The new rules are in effect, but some changes, including the 24-credit-hour requirement and the specific courses required, won’t be implemented until the 2012-13 academic year.
The ABA’s proposal is similar to the New York rules, but goes a step further. Foreign students in certified LL.M. programs would have to take a minimum of 26 credit hours with a course load similar to the typical 1L curriculum: constitutional law, civil procedure, the history of the U.S. legal system, legal writing and research. They would have to take most courses during the regular school year and must be taught by full-time or emeritus faculty. The programs could not be done overseas. Law schools would have to publicize their LL.M. students’ bar-passage rates.
The proposal would apply only to LL.M. programs intended for foreign-trained attorneys, not the specialized programs geared toward graduates of U.S. law schools. The ABA would certify LL.M. programs that meet those criteria. States that adopt the proposed model rule would allow those graduates to take their bar exams. The proposal could result in more foreign-trained attorneys taking the bar somewhere in the United States, though Askew said that is unlikely.
“The numbers of foreign lawyers taking the bar might not go up, but the distribution of where they are taking it may change,” Askew said.
Of course, the LL.M. question is part of a larger dilemma for the ABA — whether to evaluate foreign law schools and allow graduates of institutions that meet basic requirements to practice in the United States. “This was a difficult debate,” said Dennis Lynch, a professor at the University of Miami School of Law and chair of the ABA Legal Education Section’s committee on international legal education. “There was some push to accredit LL.M. programs, but to accredit programs only for foreign attorneys was something we didn’t want to get into.”
The 26-credit-hour requirement proved quite controversial, Lynch said. State supreme court judges and bar examiners generally wanted a higher requirement, while legal educators to wanted to match New York’s 24-credit-hour minimum. The committee settled in the middle. The required publication of bar-passage rates was another topic of hot debate among committee members, Lynch said.
The ABA is seeking feedback on the proposal, which would have to win final approval by the House of Delegates. That is unlikely to happen before February 2012, Askew said. Law schools have yet to offer much reaction to the proposal.
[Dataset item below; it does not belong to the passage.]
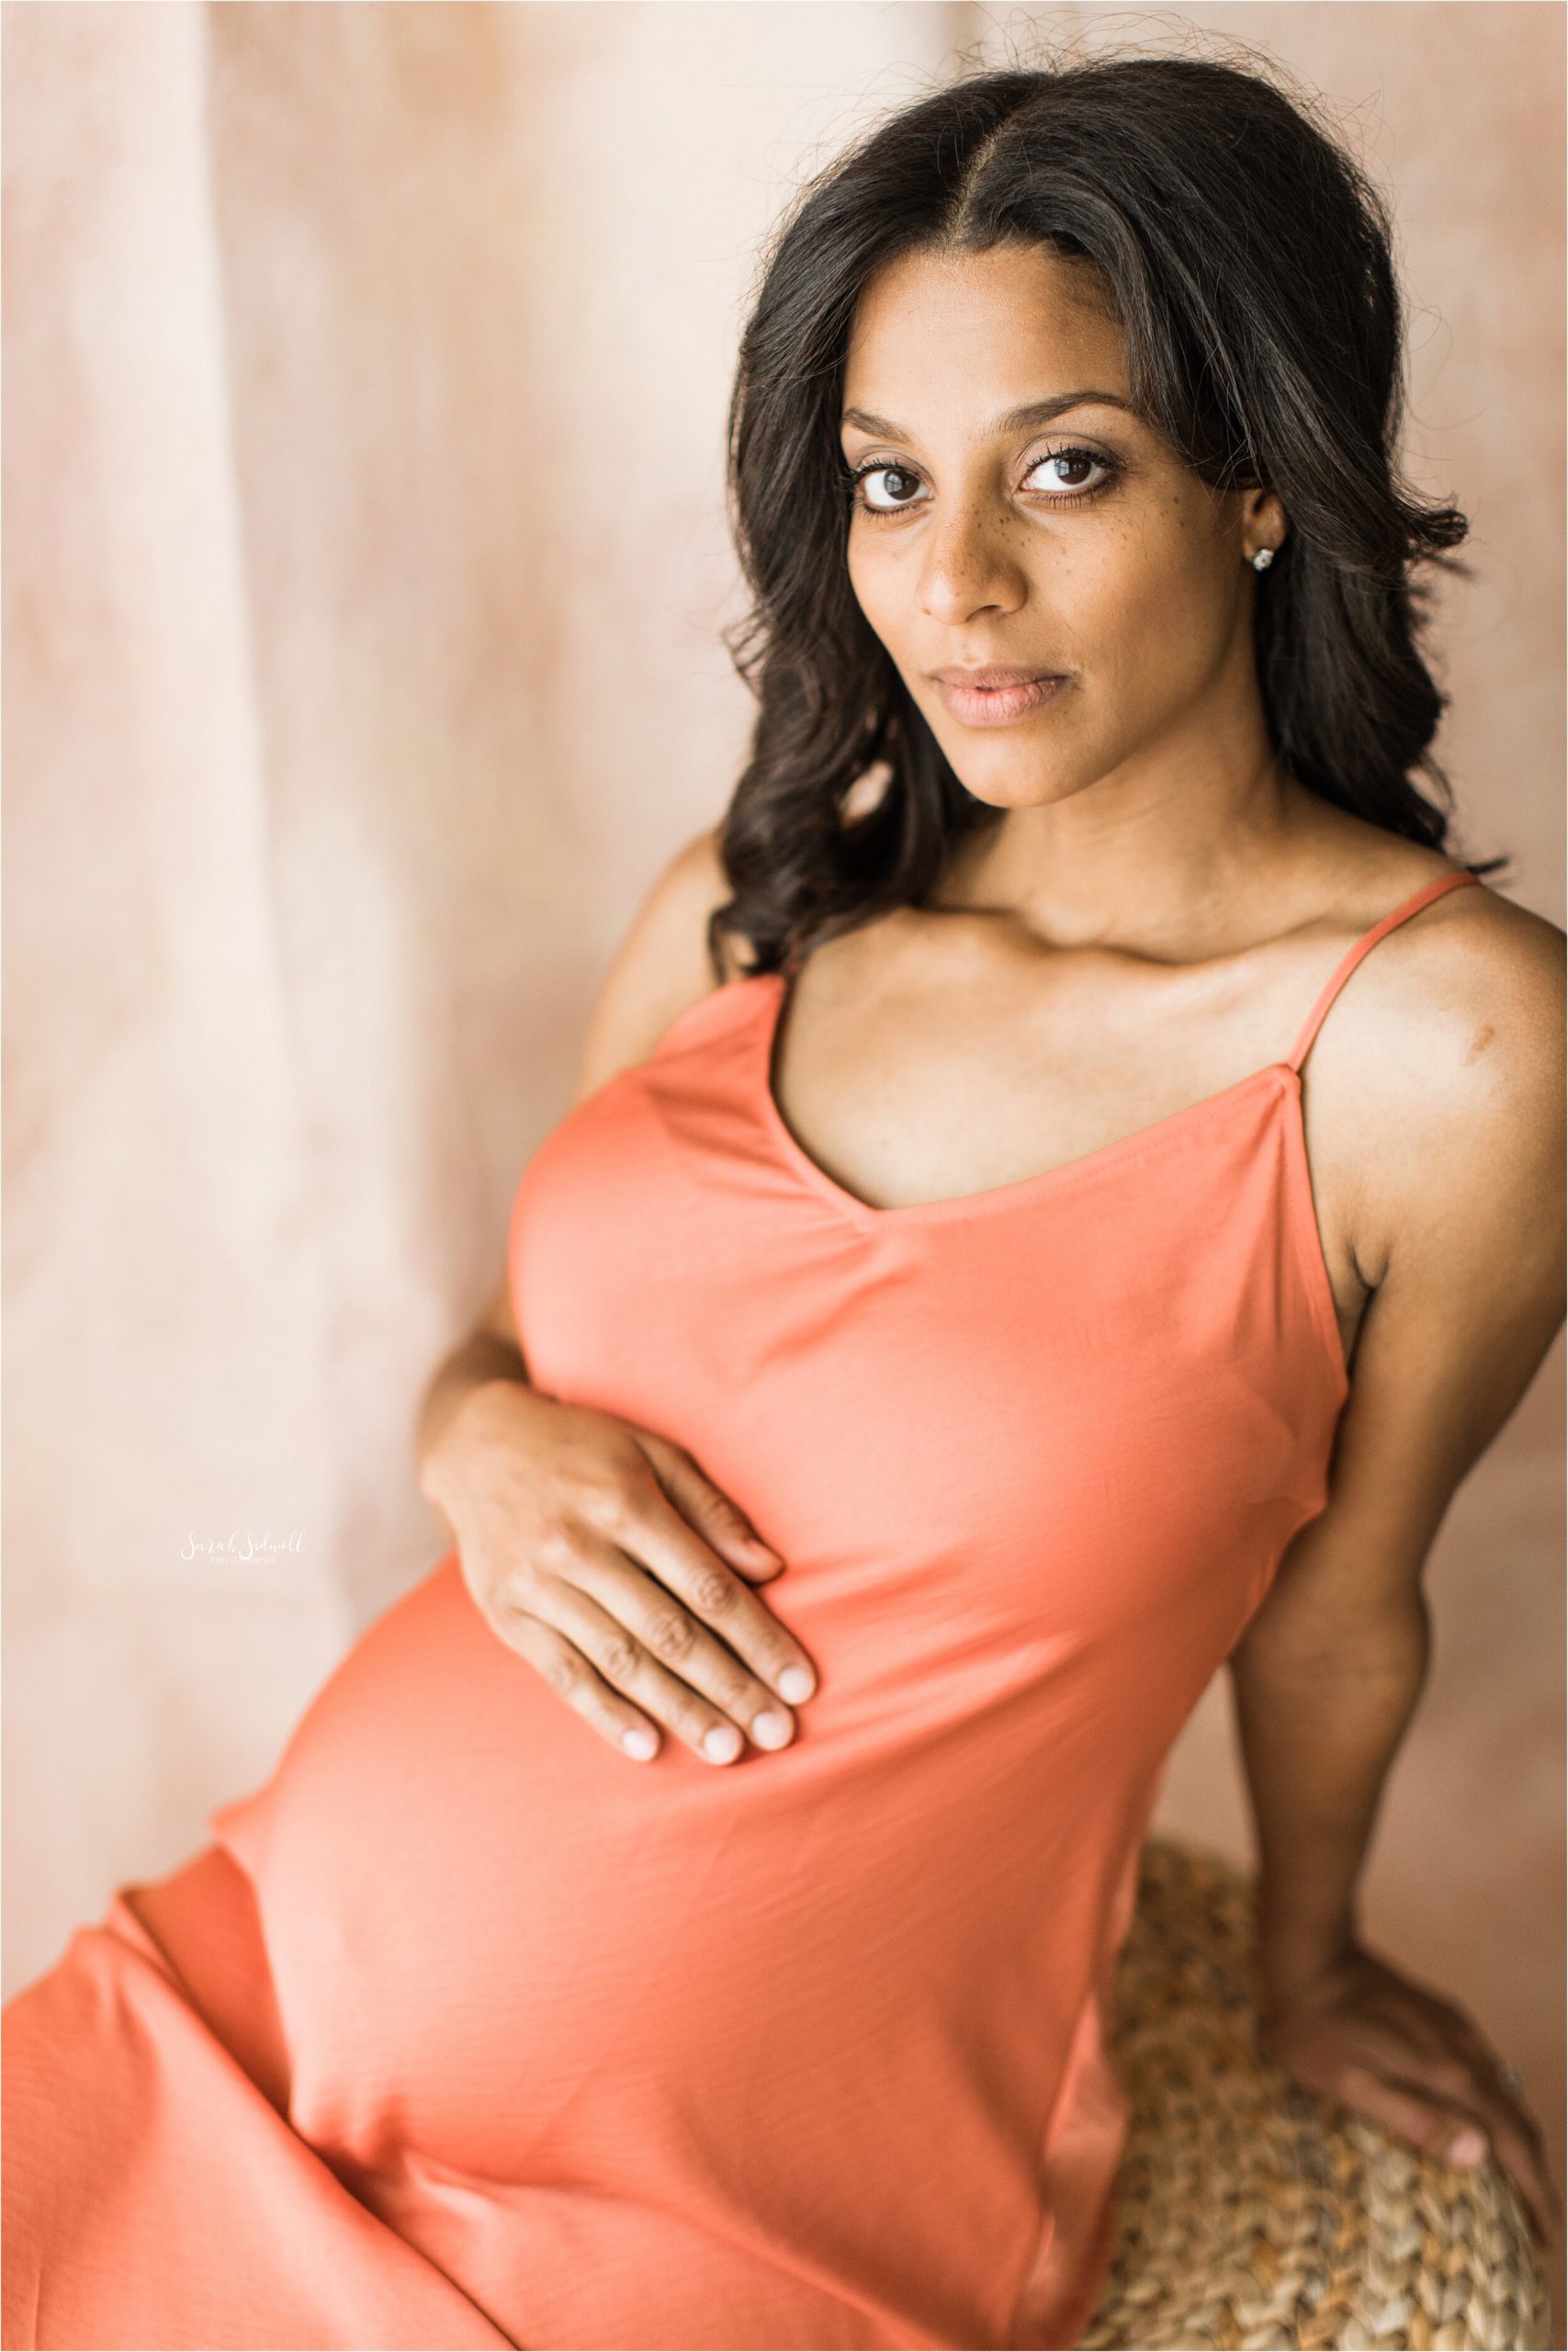 Soniah Materinty | Classic Studio Maternity Photos

Presser said he was still grappling with what the changes could mean for Northwestern, which runs various LL.M. programs for foreign lawyers both at its Chicago law campus and overseas.
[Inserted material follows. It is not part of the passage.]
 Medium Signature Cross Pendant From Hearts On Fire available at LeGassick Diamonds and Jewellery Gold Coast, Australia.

“We already have in place many of the things that New York is requiring,” he said. “What’s going to get particularly interesting is what will happen with our executive programs in various locations around the world, and our executive program that takes place over the summer. We may have to make clear that those students won’t be able to sit for the bar. The effect, I think, is going to be strong.”
A slight majority of the 200 foreign students in Georgetown’s LL.M. program never sit for a bar exam in the United States, Hunter said — they merely want the credential to take back to their home countries. In fact, most foreign students are primarily interested in advanced, specialized courses relevant to their particular practice, Hunter said. “Many of the foreign students I have surveyed said they don’t want to spend a year taking basic U.S. law courses,” she said. “That said, we’re going to have to look at our course offerings to make sure they satisfy the new requirements.”
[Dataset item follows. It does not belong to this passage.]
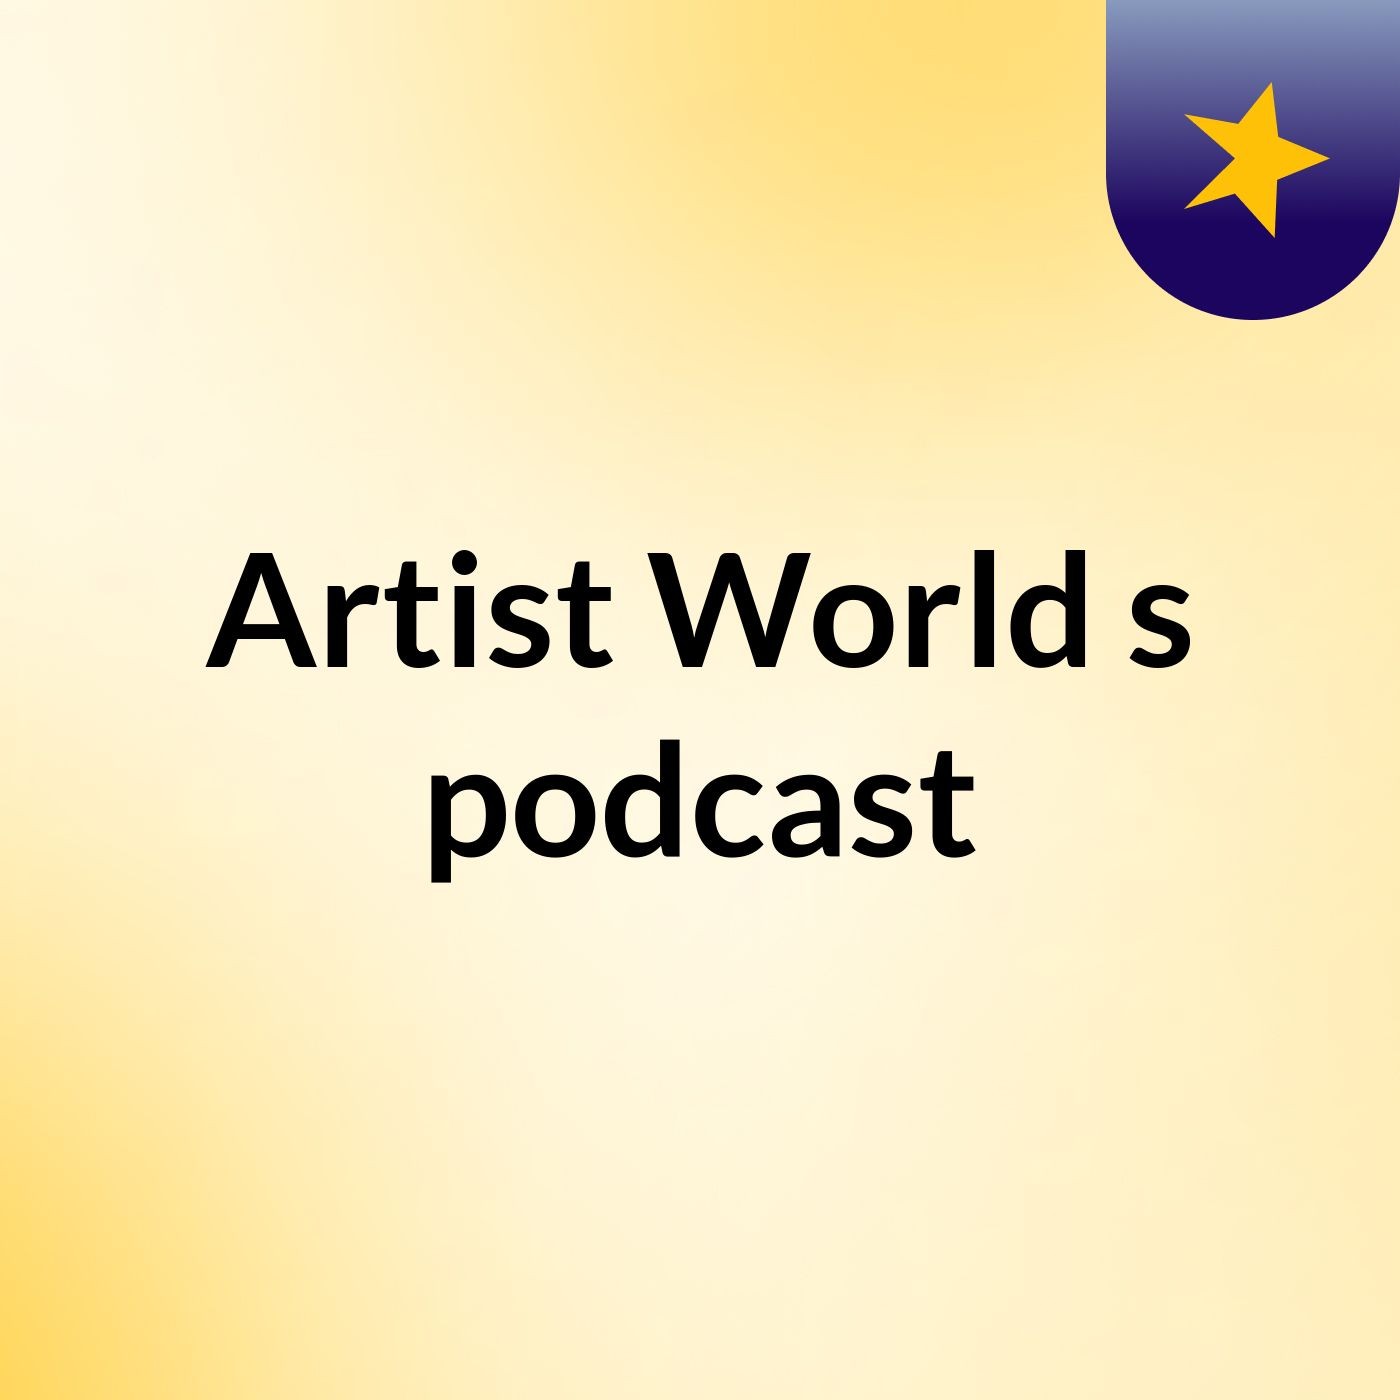 Artist World's podcast

Opening the door for foreign-trained attorneys to take the bar exam in additional states could raise questions from other excluded groups, said Erica Moeser, president of the National Conference of Bar Examiners. Graduates of unaccredited law schools, correspondence law schools, online law schools and those who “read law” cannot take the bar exam in most states.
“It will take a nanosecond for someone who went to an unaccredited law school in the U.S. to say, ‘Hey, what about me?’ ” Moeser said. “I don’t think all the aspects of this have been thoroughly explored.”